Авторы этих дневников представляли себя типичным для Нового времени образом. «Быть человеком Нового времени, – пишет Мишель Фуко, – значит не воспринимать себя находящимся в потоке преходящих моментов, а видеть в себе объект сложной и трудной обработки»13. Это означает представлять себя субъектом собственной жизни, а не, скажем, объектом высшей воли. В Новое время субъекты перестают признавать наперед заданные роли; они стремятся к самостоятельному созданию собственных биографий. Таким образом, субъектность предусматривает определенную степень сознательного участия человека в сотворении своей жизни14. В частности, советские дневники, с которыми я имел дело, позволяют понять происхождение нелиберальной, социалистической субъектности. С самого своего зарождения как политического движения социализм определялся его сторонниками через противопоставление либеральному капитализму. Когда революционеры в Советской России приступили к построению социалистического общества, они стали соревноваться со стандартной индустриальной модерностью, характерной для капиталистического Запада. Они разделяли с ней приверженность технике, рациональности и науке, но считали, что социализм победит экономически, морально и исторически, поскольку опирается на сознательное планирование и силу организованного коллектива15. В этом контексте Я-нарративы высвечивают значение и смысл социализма как антикапиталистической формы самореализации. Авторы дневников представляли себе идеальную жизнь в контрасте с капиталистическим Западом, который они воспринимали как эгоистический, индивидуалистический, ограниченный, словом – буржуазный. Они стремились к тому, что один из авторов дневников назвал «второй стадией» понимания – способности избежать атомизированного существования и постичь себя как частичку коллективного движения.
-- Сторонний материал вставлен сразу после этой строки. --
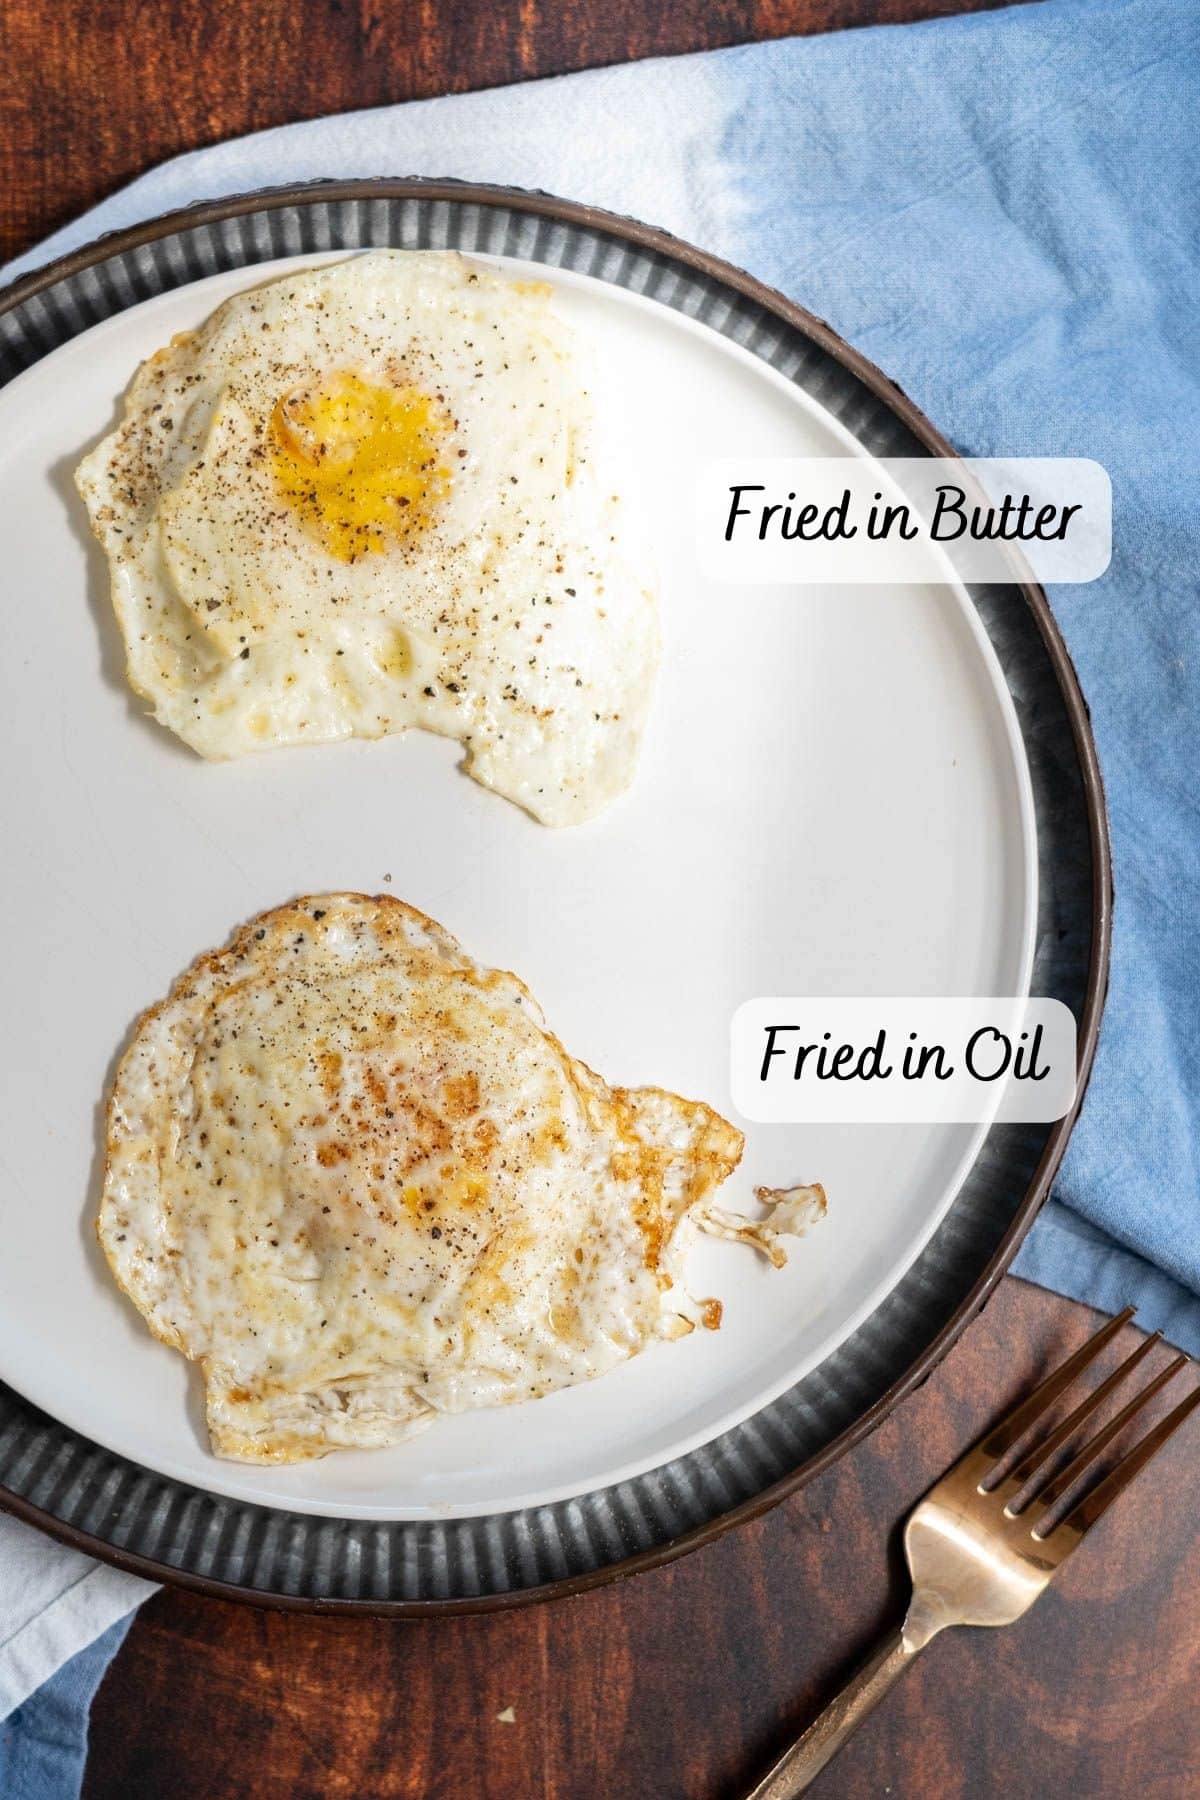 Eggs fried in oil versus butter.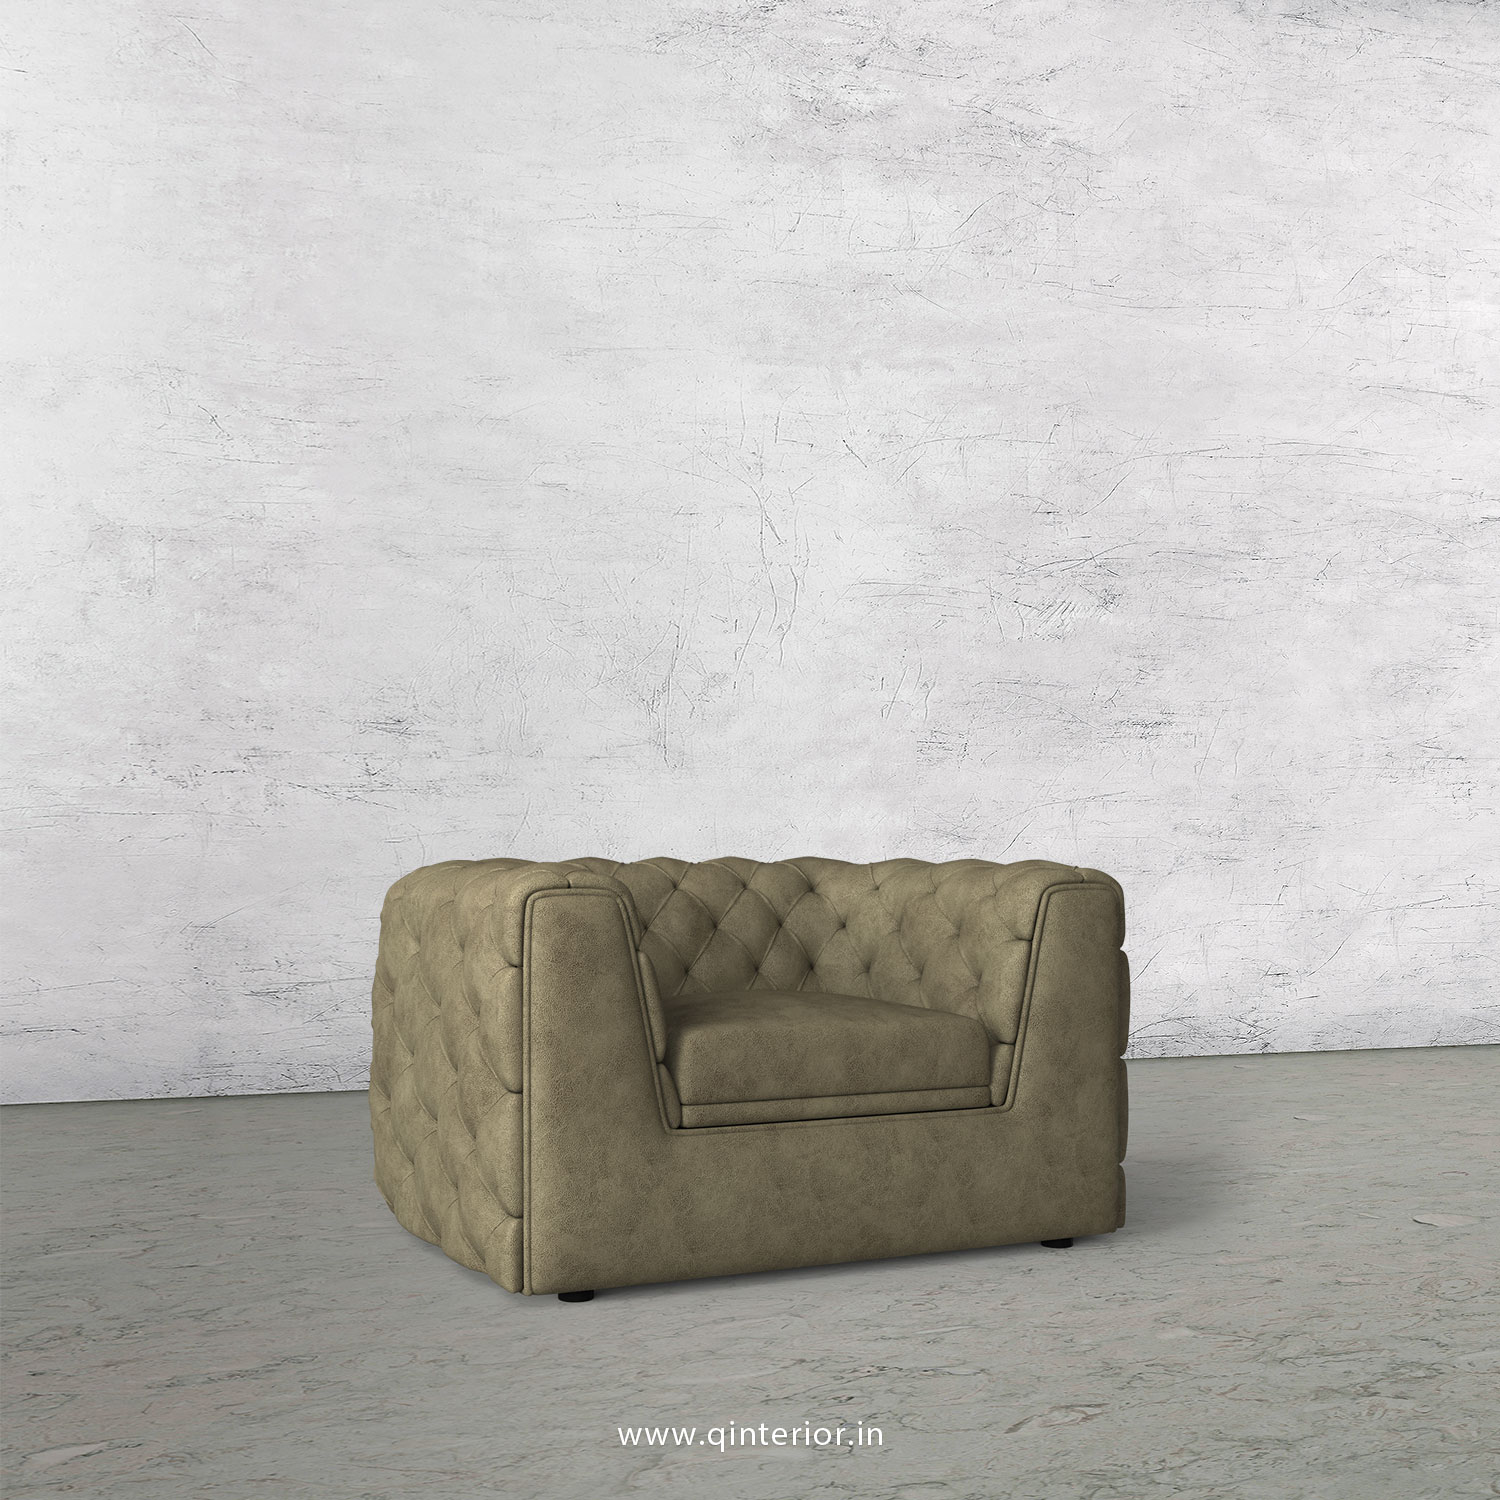 ERGO 1 Seater Sofa in Fab Leather Fabric - SFA009 FL03

В расширенной жизни коллектива виделся источник подлинной субъективности. Коллектив обещал дать человеку дополнительную энергию, исторический смысл и нравственные ценности. Напротив, жизнь вне коллектива или вне потока истории грозила личностной деградацией, обусловленной неспособностью участвовать в устремленной в будущее жизни советского народа. Юлия Пятницкая осознавала эту динамику, и в ее дневнике звучало настойчивое и отчаянное желание воссоединиться с коллективом. Потеряв после ареста мужа работу инженера, она целыми днями сидела в публичной библиотеке, перелистывая технические журналы: «Просматривала Машиностроение за март. Каждый день, прожитый мною, двигает меня назад. Строятся новые машины: станки, сельскохозяйственные, для метрополитена, для мостов и т.д. … Инженеры ставят по-новому вопросы организации, технологии инструментального дела. В общем, жизнь идет безусловно вперед, несмотря ни на какие “палки в колеса”. Чудный дворец культуры для “Зисовца”. Прямо завидки взяли: почему я не в их коллективе?»16
Принадлежность к коллективу и связь с историей были обусловлены необходимостью труда и борьбы, невозможных без неудач, провалов и обновленных обязательств. На фоне неутихавших призывов к «бдительности» такие авторы дневников, как Юлия Пятницкая, описывали свою неспособность соответствовать требованиям, предъявлявшимся к мышлению и поведению советских людей. У них возникали прямые вопросы и сомнения по поводу того, как согласовать радужные официальные репрезентации строящегося социалистического общества с серыми и тягостными реалиями их личной жизни. Но они сопротивлялись собственным наблюдениям, вызванным, как они полагали, «слабостью воли», и клялись бороться с ними. До некоторой степени колебания и сомнения были необходимы для работы над собой; они создавали динамику борьбы и движения вперед, динамику, которую авторы дневников переживали как развертывание своей воли.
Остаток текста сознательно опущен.